• Supplied information
------------------------------------------------------------------------

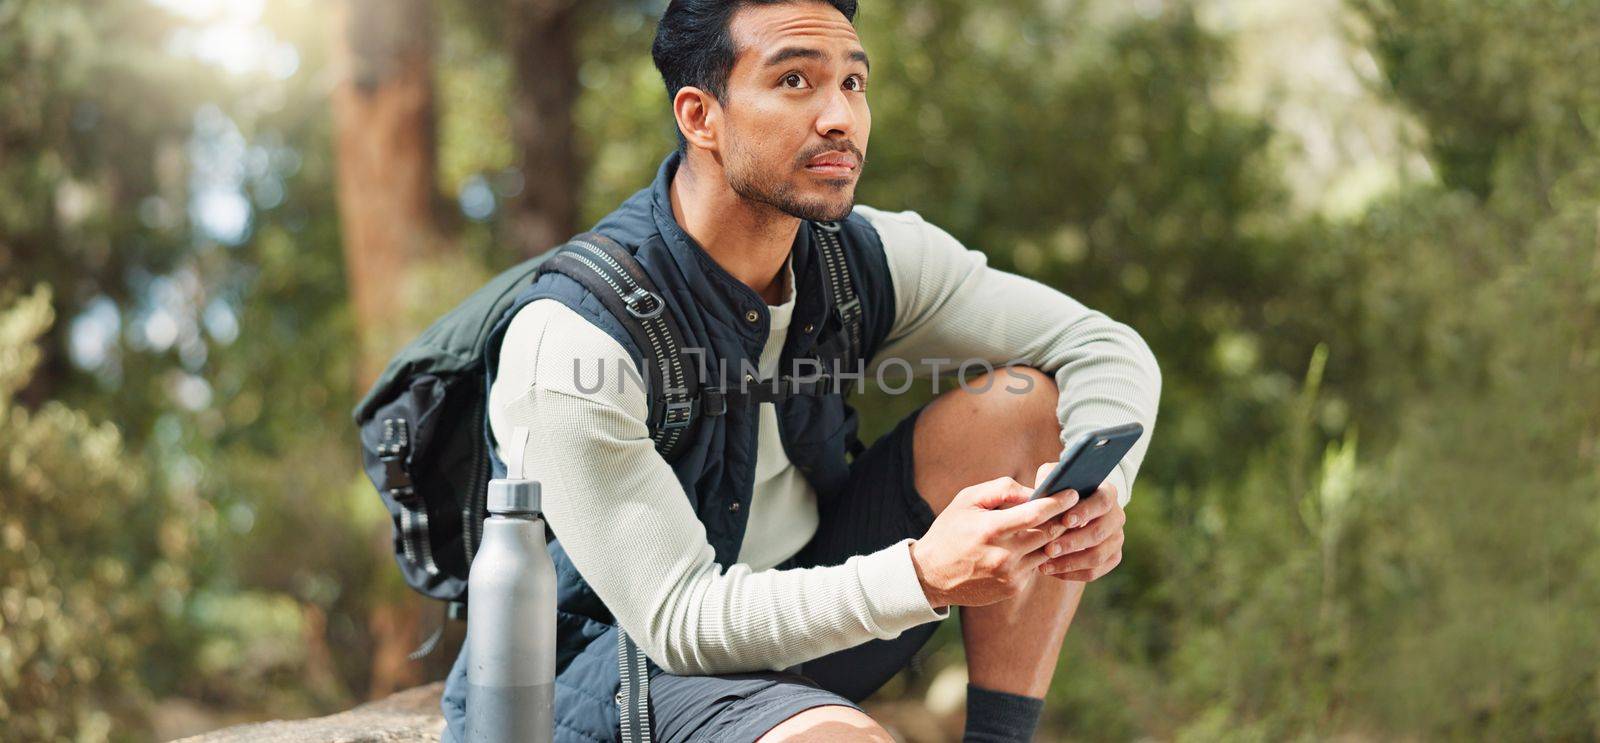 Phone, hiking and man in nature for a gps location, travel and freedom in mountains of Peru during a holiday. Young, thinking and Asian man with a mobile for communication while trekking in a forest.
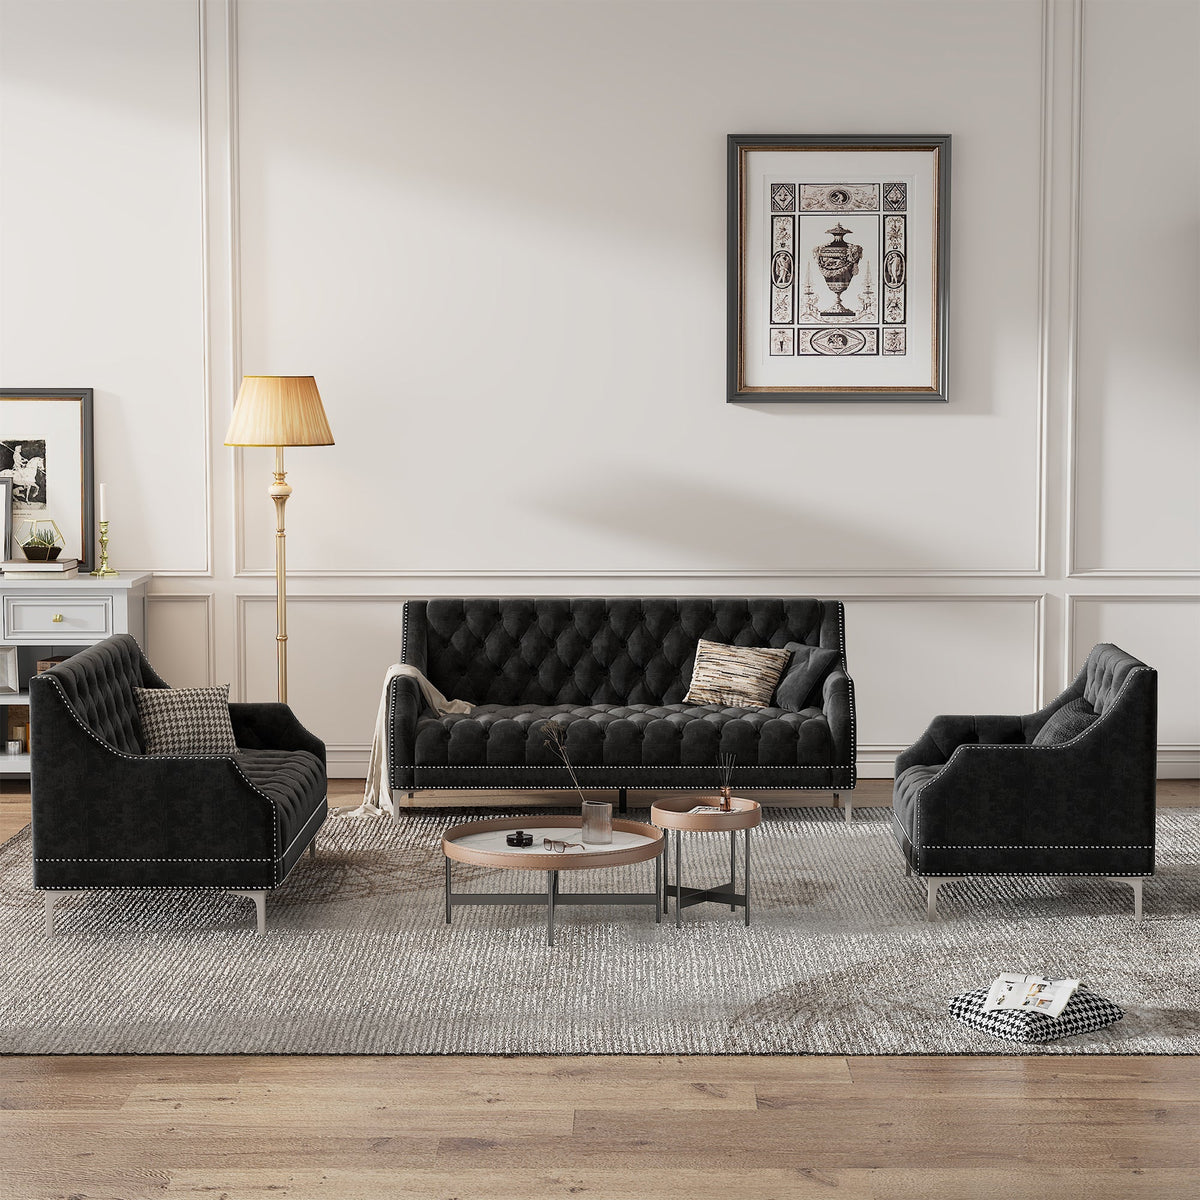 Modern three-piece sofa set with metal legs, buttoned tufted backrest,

------------------------------------------------------------------------

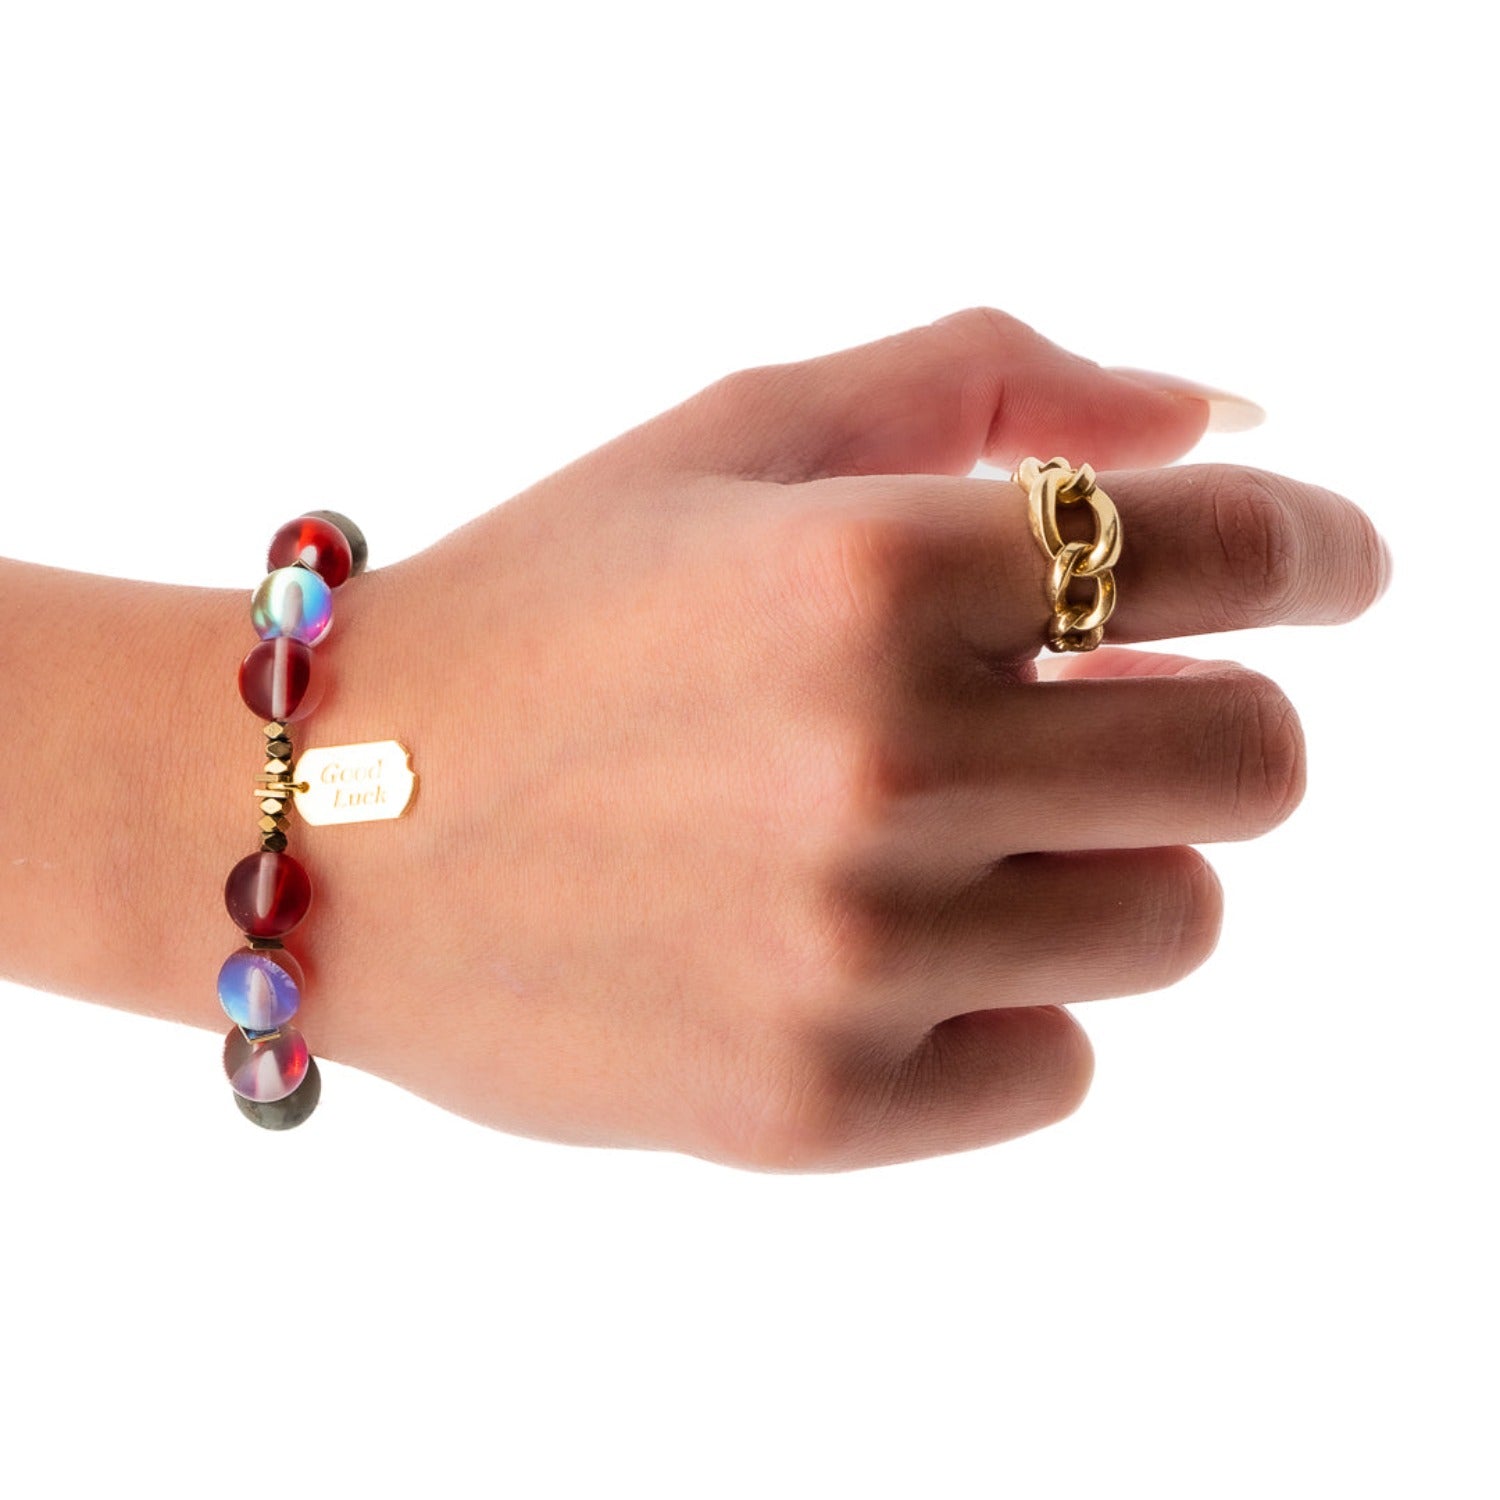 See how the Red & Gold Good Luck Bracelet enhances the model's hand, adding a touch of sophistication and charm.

------------------------------------------------------------------------

• What is expected
Copy exactly the part of the material above that opens with the line containing "Phone, hiking and" and closes with the line containing "Modern three-piece sofa", ends included. Drop the images.

• Reply
 Phone, hiking and man in nature for a gps location, travel and freedom in mountains of Peru during a holiday. Young, thinking and Asian man with a mobile for communication while trekking in a forest.
 Modern three-piece sofa set with metal legs, buttoned tufted backrest,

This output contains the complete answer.